Below are several entries. Transcribe exactly those lines that fall from the one with "PUMA Women's Burst" through the one with "stock-photo-kiwi-fruit-86378679.jpg", end lines included.

*Extracted data entries:*

┄┄┄┄┄┄┄┄┄┄┄┄┄┄┄┄┄┄┄┄

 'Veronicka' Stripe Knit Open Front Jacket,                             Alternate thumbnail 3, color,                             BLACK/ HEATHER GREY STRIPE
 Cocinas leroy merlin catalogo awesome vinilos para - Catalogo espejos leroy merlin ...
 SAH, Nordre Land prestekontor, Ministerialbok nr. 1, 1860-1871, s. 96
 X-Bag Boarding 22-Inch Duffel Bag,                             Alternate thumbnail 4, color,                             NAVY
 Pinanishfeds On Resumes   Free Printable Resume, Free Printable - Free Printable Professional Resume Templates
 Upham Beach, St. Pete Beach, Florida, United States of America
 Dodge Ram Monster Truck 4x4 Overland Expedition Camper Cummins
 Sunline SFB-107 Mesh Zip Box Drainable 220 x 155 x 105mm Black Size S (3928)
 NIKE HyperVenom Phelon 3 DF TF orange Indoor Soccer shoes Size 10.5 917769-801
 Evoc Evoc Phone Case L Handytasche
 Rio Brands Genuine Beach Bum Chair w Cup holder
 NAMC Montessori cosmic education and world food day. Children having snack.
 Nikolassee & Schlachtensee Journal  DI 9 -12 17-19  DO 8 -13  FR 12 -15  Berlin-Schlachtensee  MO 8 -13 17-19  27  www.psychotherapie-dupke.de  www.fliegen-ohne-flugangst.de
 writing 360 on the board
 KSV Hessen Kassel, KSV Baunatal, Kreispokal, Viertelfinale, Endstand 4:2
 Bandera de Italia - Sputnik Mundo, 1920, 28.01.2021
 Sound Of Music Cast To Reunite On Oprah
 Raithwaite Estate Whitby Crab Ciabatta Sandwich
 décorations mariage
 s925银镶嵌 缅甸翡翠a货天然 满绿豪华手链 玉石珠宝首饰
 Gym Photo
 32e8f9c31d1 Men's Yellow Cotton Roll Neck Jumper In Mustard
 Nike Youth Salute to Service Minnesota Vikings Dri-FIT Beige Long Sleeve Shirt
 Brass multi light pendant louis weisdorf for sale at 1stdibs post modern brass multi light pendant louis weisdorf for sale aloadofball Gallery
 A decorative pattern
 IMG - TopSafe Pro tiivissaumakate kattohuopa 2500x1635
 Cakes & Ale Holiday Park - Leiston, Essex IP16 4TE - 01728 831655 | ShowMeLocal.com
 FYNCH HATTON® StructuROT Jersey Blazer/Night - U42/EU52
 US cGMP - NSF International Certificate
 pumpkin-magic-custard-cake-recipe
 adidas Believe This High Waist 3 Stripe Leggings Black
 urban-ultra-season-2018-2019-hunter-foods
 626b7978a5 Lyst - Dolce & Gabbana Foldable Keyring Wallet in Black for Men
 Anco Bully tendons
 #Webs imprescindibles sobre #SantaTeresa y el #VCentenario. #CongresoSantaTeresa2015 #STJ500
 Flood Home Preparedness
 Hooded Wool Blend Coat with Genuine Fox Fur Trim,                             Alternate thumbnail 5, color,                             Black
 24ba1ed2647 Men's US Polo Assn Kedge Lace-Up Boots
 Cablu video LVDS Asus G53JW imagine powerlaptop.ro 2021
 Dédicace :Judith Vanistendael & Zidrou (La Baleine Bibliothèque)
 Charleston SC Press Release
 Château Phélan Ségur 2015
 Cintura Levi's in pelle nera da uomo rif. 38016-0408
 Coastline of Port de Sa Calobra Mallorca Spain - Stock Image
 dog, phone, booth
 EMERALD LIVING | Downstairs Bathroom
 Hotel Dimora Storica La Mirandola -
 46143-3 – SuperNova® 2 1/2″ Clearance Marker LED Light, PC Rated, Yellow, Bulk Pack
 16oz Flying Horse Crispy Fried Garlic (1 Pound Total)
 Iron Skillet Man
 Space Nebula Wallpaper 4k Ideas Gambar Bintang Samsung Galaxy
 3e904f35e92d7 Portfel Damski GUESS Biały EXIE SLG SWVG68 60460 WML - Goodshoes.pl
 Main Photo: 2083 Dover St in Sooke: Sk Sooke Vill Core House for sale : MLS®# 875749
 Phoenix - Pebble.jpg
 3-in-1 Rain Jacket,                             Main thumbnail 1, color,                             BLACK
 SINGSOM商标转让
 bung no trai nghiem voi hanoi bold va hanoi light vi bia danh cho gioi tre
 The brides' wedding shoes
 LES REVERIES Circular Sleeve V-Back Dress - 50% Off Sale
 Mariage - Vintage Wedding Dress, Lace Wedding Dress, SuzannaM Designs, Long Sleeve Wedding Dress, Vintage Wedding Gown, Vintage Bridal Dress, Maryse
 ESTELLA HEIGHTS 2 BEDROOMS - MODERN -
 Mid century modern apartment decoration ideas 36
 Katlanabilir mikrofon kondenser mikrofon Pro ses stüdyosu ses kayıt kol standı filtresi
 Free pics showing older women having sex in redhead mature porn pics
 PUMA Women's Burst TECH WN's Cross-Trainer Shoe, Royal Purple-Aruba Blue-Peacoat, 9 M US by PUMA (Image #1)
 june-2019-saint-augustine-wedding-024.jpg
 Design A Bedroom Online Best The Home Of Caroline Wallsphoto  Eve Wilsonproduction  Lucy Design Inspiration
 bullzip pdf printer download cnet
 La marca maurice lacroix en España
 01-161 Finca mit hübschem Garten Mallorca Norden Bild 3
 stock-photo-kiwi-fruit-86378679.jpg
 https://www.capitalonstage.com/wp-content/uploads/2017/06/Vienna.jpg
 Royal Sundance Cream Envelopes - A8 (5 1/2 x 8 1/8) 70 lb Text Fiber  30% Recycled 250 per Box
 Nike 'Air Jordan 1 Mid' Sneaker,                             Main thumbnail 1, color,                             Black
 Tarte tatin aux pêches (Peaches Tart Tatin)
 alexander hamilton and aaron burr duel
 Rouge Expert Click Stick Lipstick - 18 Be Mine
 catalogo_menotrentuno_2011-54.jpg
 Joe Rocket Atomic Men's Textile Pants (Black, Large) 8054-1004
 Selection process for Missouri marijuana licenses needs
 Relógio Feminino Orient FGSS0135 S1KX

┄┄┄┄┄┄┄┄┄┄┄┄┄┄┄┄┄┄┄┄

*SOLVED PROBLEM:*
 PUMA Women's Burst TECH WN's Cross-Trainer Shoe, Royal Purple-Aruba Blue-Peacoat, 9 M US by PUMA (Image #1)
 june-2019-saint-augustine-wedding-024.jpg
 Design A Bedroom Online Best The Home Of Caroline Wallsphoto  Eve Wilsonproduction  Lucy Design Inspiration
 bullzip pdf printer download cnet
 La marca maurice lacroix en España
 01-161 Finca mit hübschem Garten Mallorca Norden Bild 3
 stock-photo-kiwi-fruit-86378679.jpg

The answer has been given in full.